Low-cost, portable shelving with a professional look

For the budget-conscious, here is a wall-hung arrangement of plain, unfinished pine shelves that is both practical and good-looking.

The whole assortment of 12-inch-wide pine shelves and brushed stainless steel brackets was bought at a local lumber store and installed by New Yorker Donald Kotter in the tiny office-study of a walk-up bachelor apartment.

Since the wall is 12 feet long, Mr. Kotter bought 12-foot-long lumber so shelves would have an unbroken, wall-to-wall fit. ''This gave them a customized look from the outset,'' he explains, ''even though everything about them was low-cost and standard and straight out of the lumberyard.''

He carted the shelves up the stairs himself. But some apartment dwellers, he cautions, might have a problem getting 12-foot-long shelves indoors, and would need to have them cut into two sections.

The only finish the designer gave the plain pine timbers was a light sanding and a coat of wax. To give unity and to carry the unfinished pine look around the room, he bought inexpensive shutters (at the same lumberyard) to place at the two windows in the small, sunny room. The table-desk, which appears to be part of the arrangement, is a Finnish classic. It could also be an inexpensive, do-it-yourself table made out of a flush door and set on 4-by-4-inch pine legs, or manufactured legs, all of which are available at lumber stores everywere.

The whole arrangement is portable. It can easily be moved or recut and rearranged to fit new spaces.

Why does this group of shelves look more professional than most homemade efforts? ''Composition is the key,'' Mr. Kotter explains. ''I didn't just put the shelves a foot apart and let it go at that. I considered carefully what I wanted each shelf to do and contain, and exactly how I wanted each to function.''

He placed the first shelf at table height. It holds a portable typewriter, pencils, dictionary, and other supplies that extend the usefulness of the table-desk, and it makes the two surfaces appear as one. Having placed the initial shelf, he sat at the desk and stood in front of the wall to determine where different things would be easiest to reach. Function can almost dictate the arrangement of shelves, he says, if you think through logically what you want, and where.

''I'm a magazine collector,'' he says, ''so I arranged stacks of four or five copies of older references on a higher shelf. I placed shallow stacks of current magazines on a lower level, with just five or six inches between shelves. Books require deeper space. I put one shelf at eye level for certain art objects and books, and a bottom one at what I call 'storage level,' where heavier boxes and a typewriter case can be placed without destroying the illusion of an uncluttered, artistic arrangement above.''

He terms this shelf a ''visual trick,'' because it is placed high enough to leave the floor free, yet defines itself as a place for putting big things out of the way. He places no shelf higher than he can reach, which means there is plenty of airiness left at the top of the room.

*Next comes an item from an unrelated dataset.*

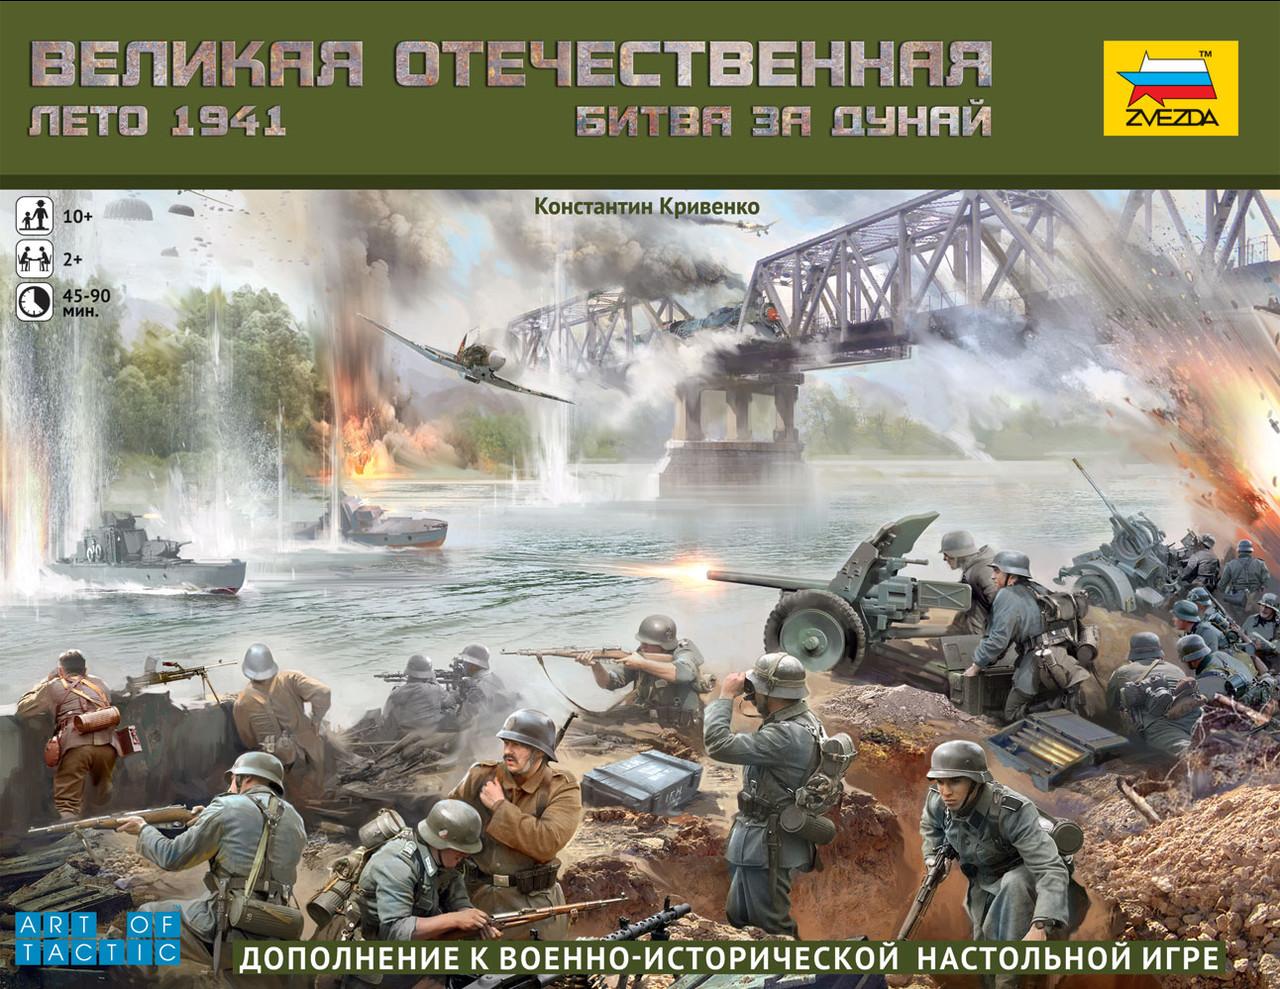 Великая Отечественная. Лето 1941. Битва за Дунай
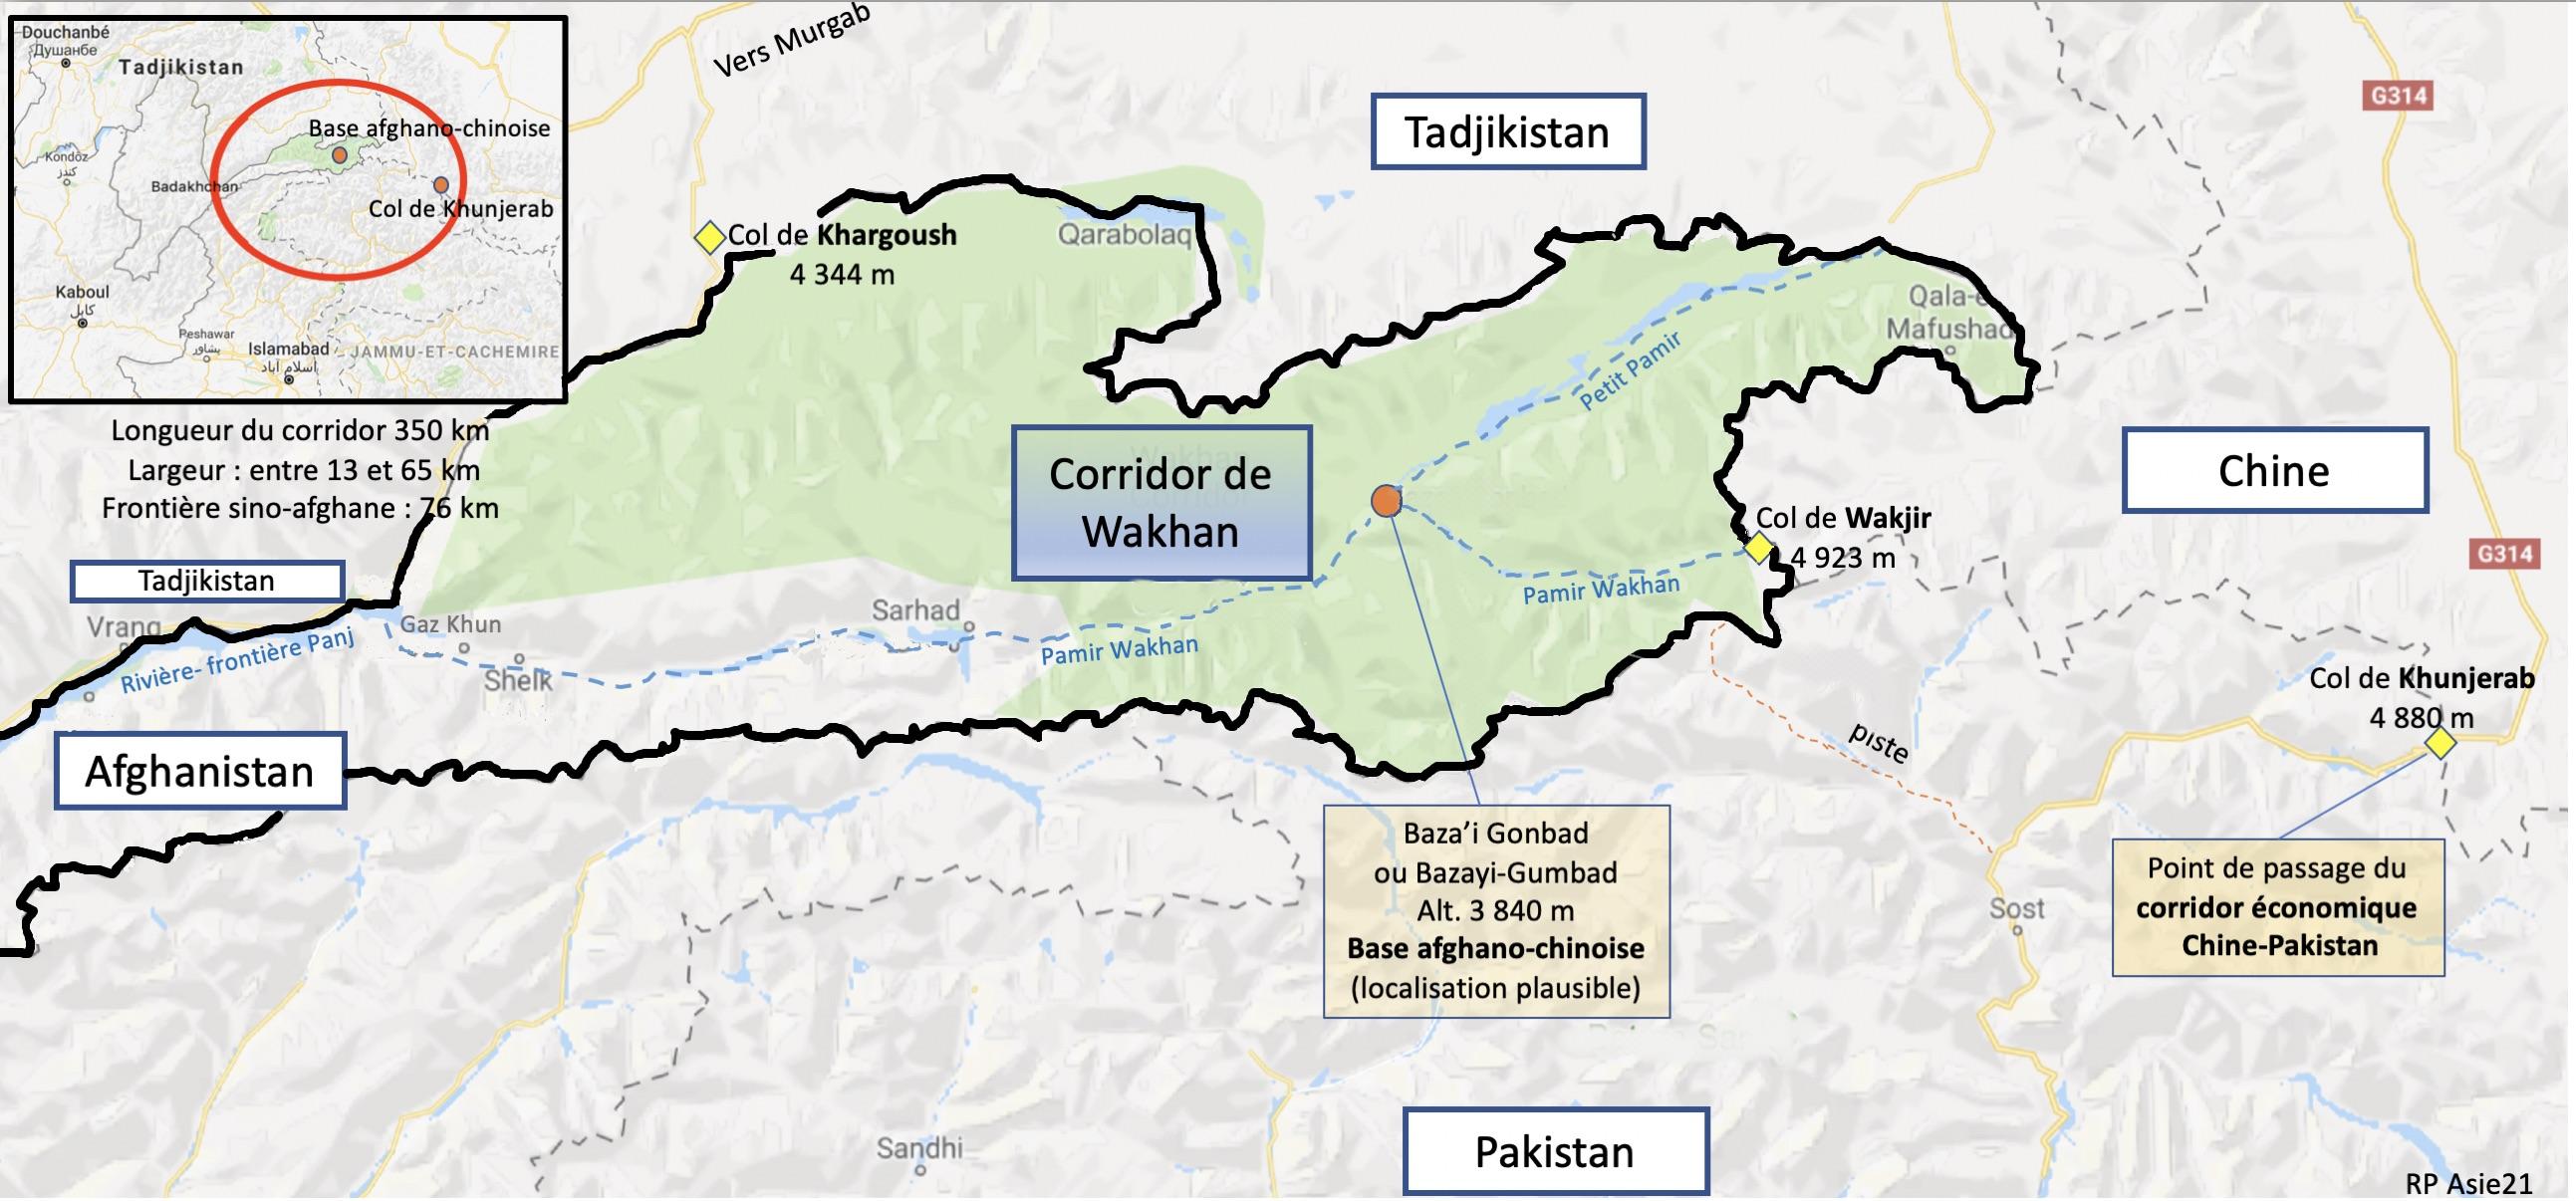 Le corridor de Wakhan - Afghanistan

Once all the more practical determinations are made, he says, it's important to try the shelves in place and stand back across the room to see if the proportions please the eye; to get the ultimate effect, you must remember that ''composition is everything.''

Mr. Kotter, now a partner in the firm Design Multiples, chose architect's lamps to light the room because of their flexible arms and shades. One is turned up to create a soft, indirect light bounced off the ceiling. The other is pulled down over the table for work or study.